Taking new clients · £110 per session · Free 15-min intro call · Check availability
Trauma therapy · Eastwood · NG16

When trauma therapy hasn't worked: a different route for Eastwood

This page is for people carrying long-standing developmental trauma in and around Eastwood looking for Trauma therapy that doesn't feel like a template.

Eastwood is 12 miles from the clinic and close to The D.H. Lawrence Birthplace Museum. Nearby areas including Swadlincote, Burton-on-Trent, Stapenhill share the same service radius, and online sessions are available for weeks when travelling in is impractical.

Eastwood is 12 miles from the clinic and close to The D.H. Lawrence Birthplace Museum. Nearby areas including Swadlincote, Burton-on-Trent, Stapenhill share the same service radius, and online sessions are available for weeks when travelling in is impractical.

The approach here is integrative: stabilisation-first trauma work, EMDR, parts-informed hypnotherapy, delivered inside a clear structure. It's not open-ended talking therapy — sessions are focused, and change is expected inside a sensible window.

How the therapy is structured

  1. Step 1

    Consolidate the change

    Change has to hold beyond the session. Self-hypnosis, a short practice or a home task keeps it embedded.

  2. Step 2

    Review and adjust

    Every few sessions we step back and check the direction — nothing is done to you without your say-so.

  3. Step 3

    Bridge sessions with tools

    You leave with practical tools so between-session weeks are worked, not wasted.

  4. Step 4

    Prepare for real life

    The final phase rehearses the pattern under normal life stress, so results don't collapse the moment life gets busy.

What sets this practice apart

James Harris is a BACP-registered therapist working integratively with hypnotherapy, EMDR and NLP-informed reframing. He is also PSA-accredited via the CNHC and GHSC-accredited.

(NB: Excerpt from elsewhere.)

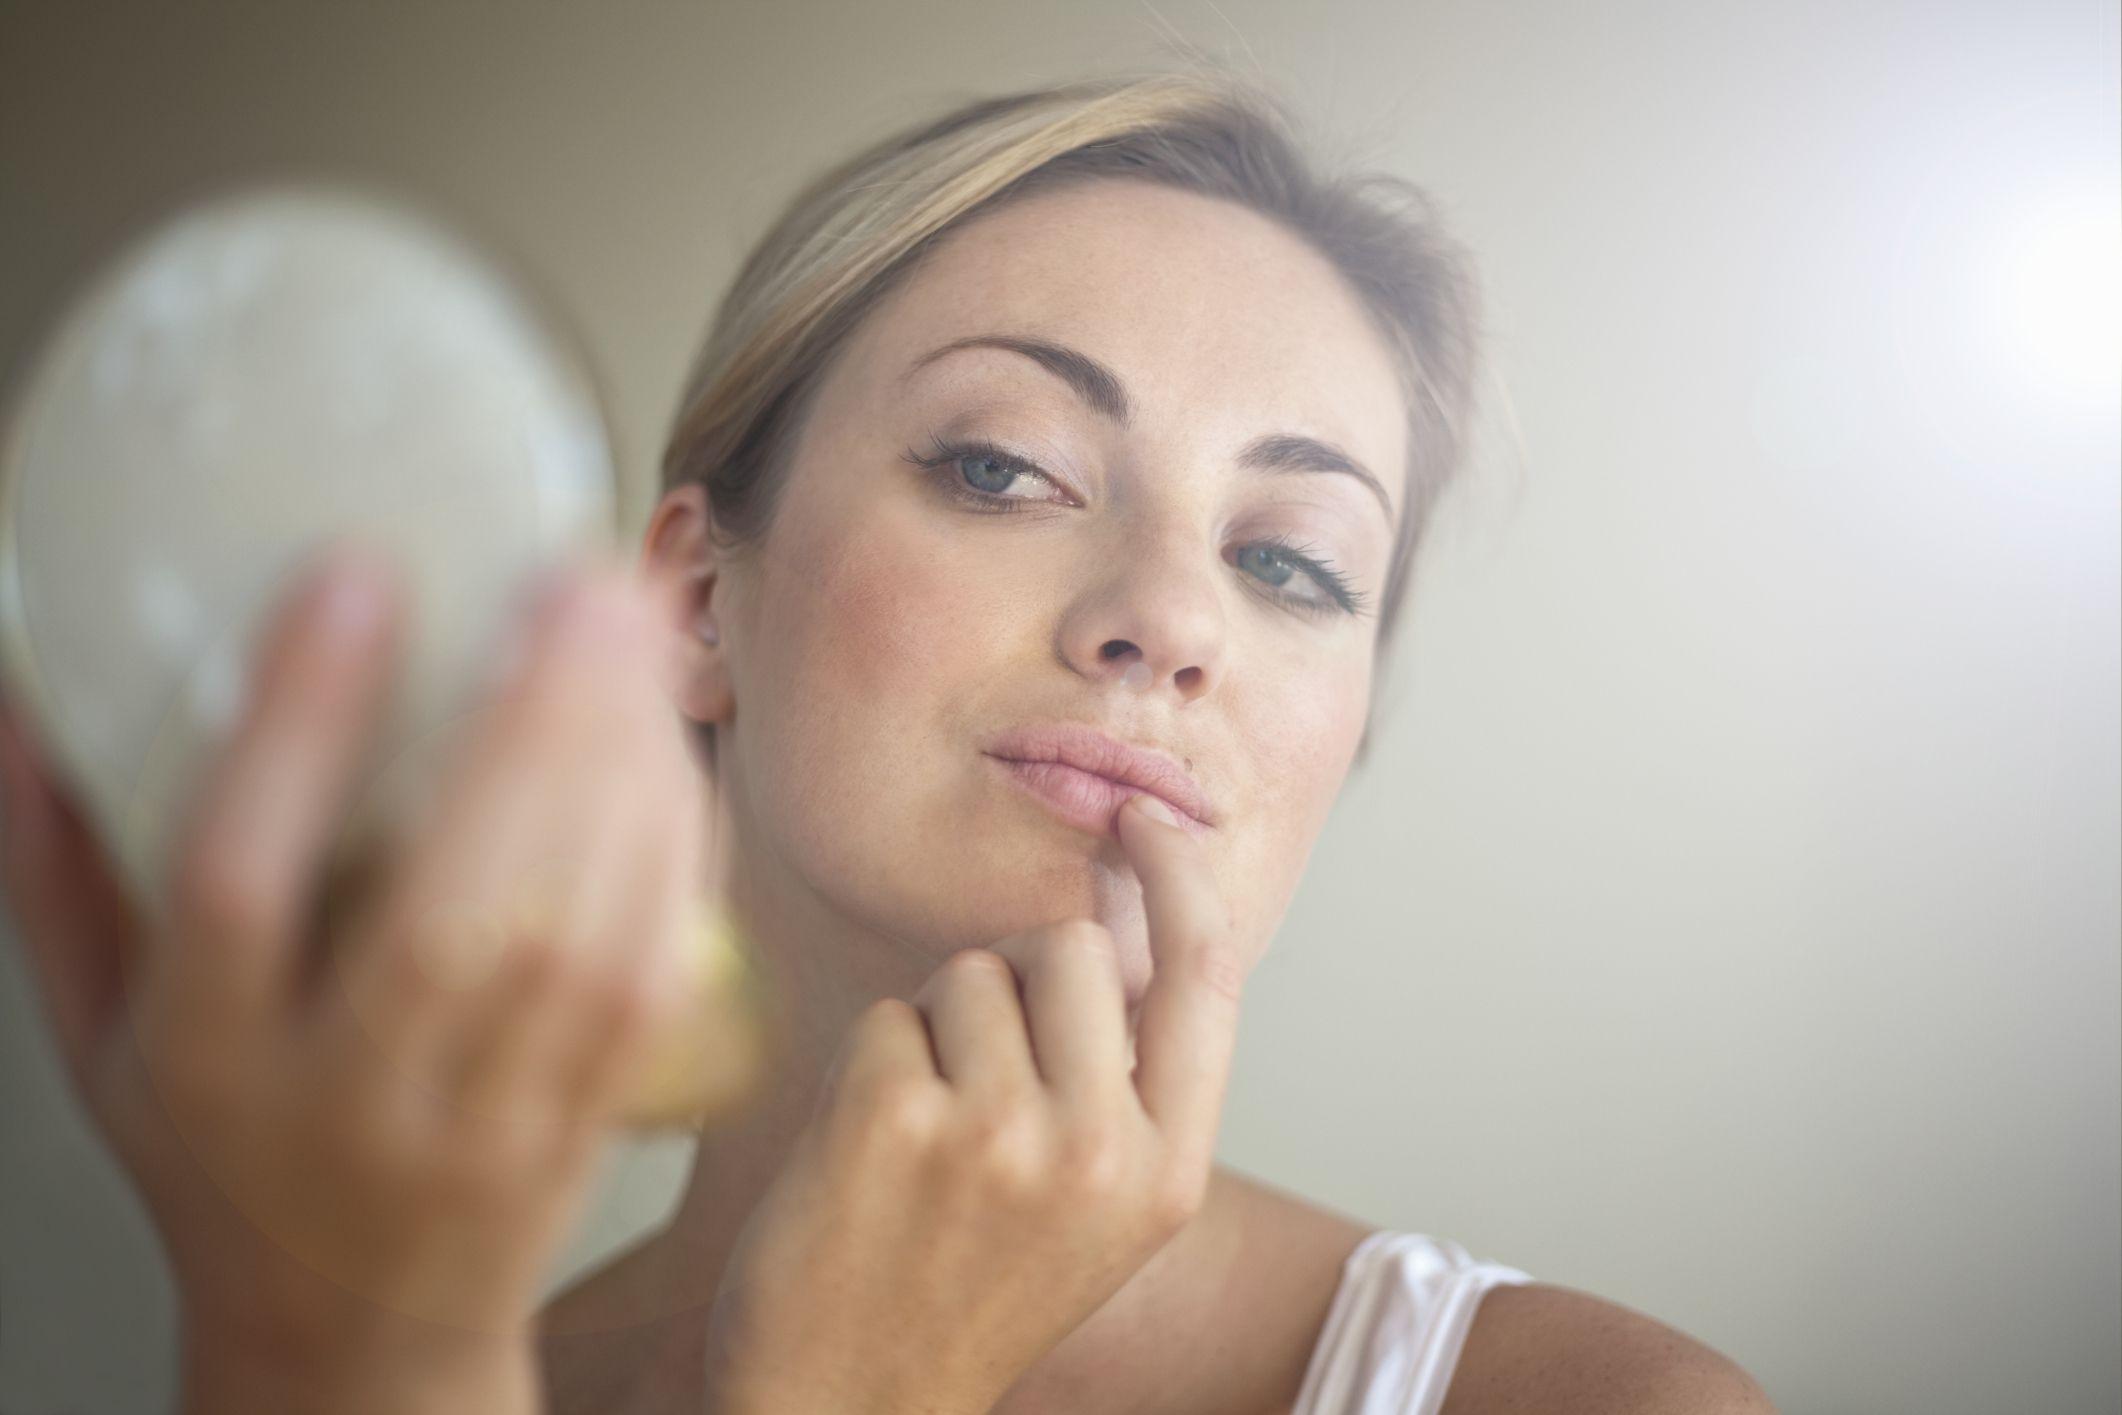 skin-damage-wearing-makeup-to-the-gym
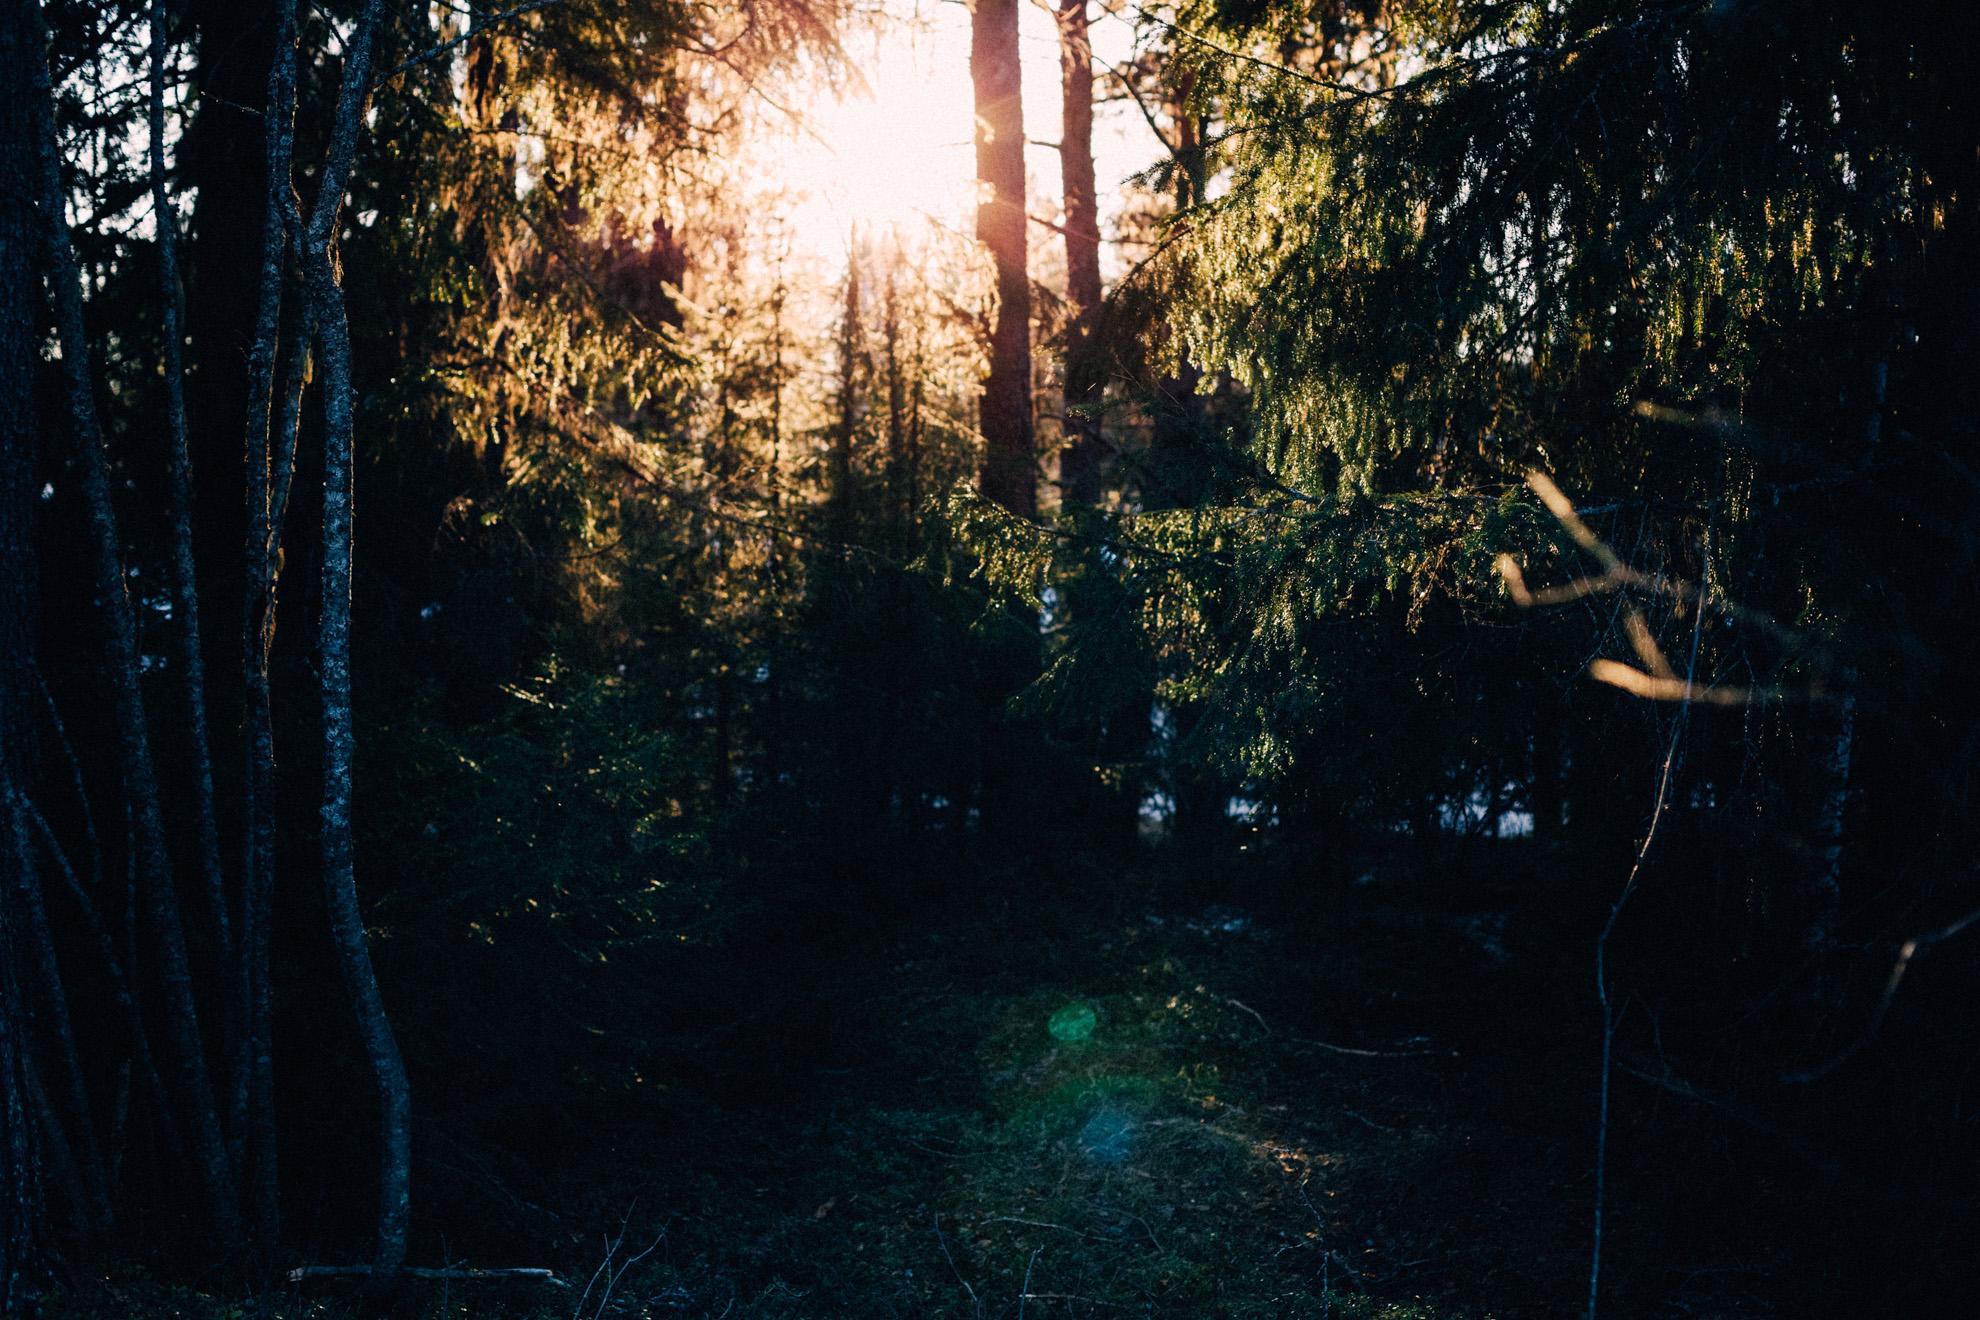 Skog i solnedgång

  • BACP-registered practice with trauma-specific training.
  • Stabilisation always comes before processing — nothing is forced.
  • Work is paced so you leave each session more settled, not less.
★★★★★

"I decided to seek structured support and expertise — highly recommend James."

Danny Abdy
★★★★★

"Working with James has been incredibly helpful for my anxiety. He creates a calm, supportive environment."

Liam Kendall
★★★★★

"Therapy with James helped me understand myself and overcome patterns I'd struggled with for years."

David Flint

Also serving nearby

If you're not in Eastwood itself but somewhere close, the same service radius applies. Areas most frequently combined with Eastwood for this service:

What we tend to see in Eastwood

Clients from Eastwood tend to arrive with a recognisable pattern of pressures — a mix of what the area demands day to day, and how those demands land in the body over time. A short, honest summary of what we typically see:

  • dissociation and 'foggy' states
  • sleep disruption from trauma
  • hypervigilance
  • flashbacks
  • emotional numbing
  • commuter stress
  • chronic worry

What clients ask before booking

Will I have to talk about what happened in detail?+

For clients in Eastwood (NG16) specifically: No. EMDR and hypnotherapy allow the memory to be reprocessed without lengthy retelling. You share only what you choose.

Is EMDR safe for people who dissociate?+

Yes, when paced carefully. We build regulation and dual-awareness skills first so processing doesn't overwhelm you.

Can I do trauma work online?+

Often, yes. Online EMDR is well-established for many presentations, though complex trauma sometimes benefits from in-person work.

Will you refer me on if you're not the right fit?+

Always. Fit matters more than any single technique.

Do you work with childhood trauma?+

Yes. Adults reprocessing childhood events is a substantial part of the caseload.

Booking your first session

If you're in Eastwood, NG16 or the surrounding Broxtowe, and you're tired of surface-level therapy, this practice is set up for exactly that: careful, integrative, evidence-informed work.

Ready to take the first step?

Two minutes. No forms. No pressure. Just a conversation.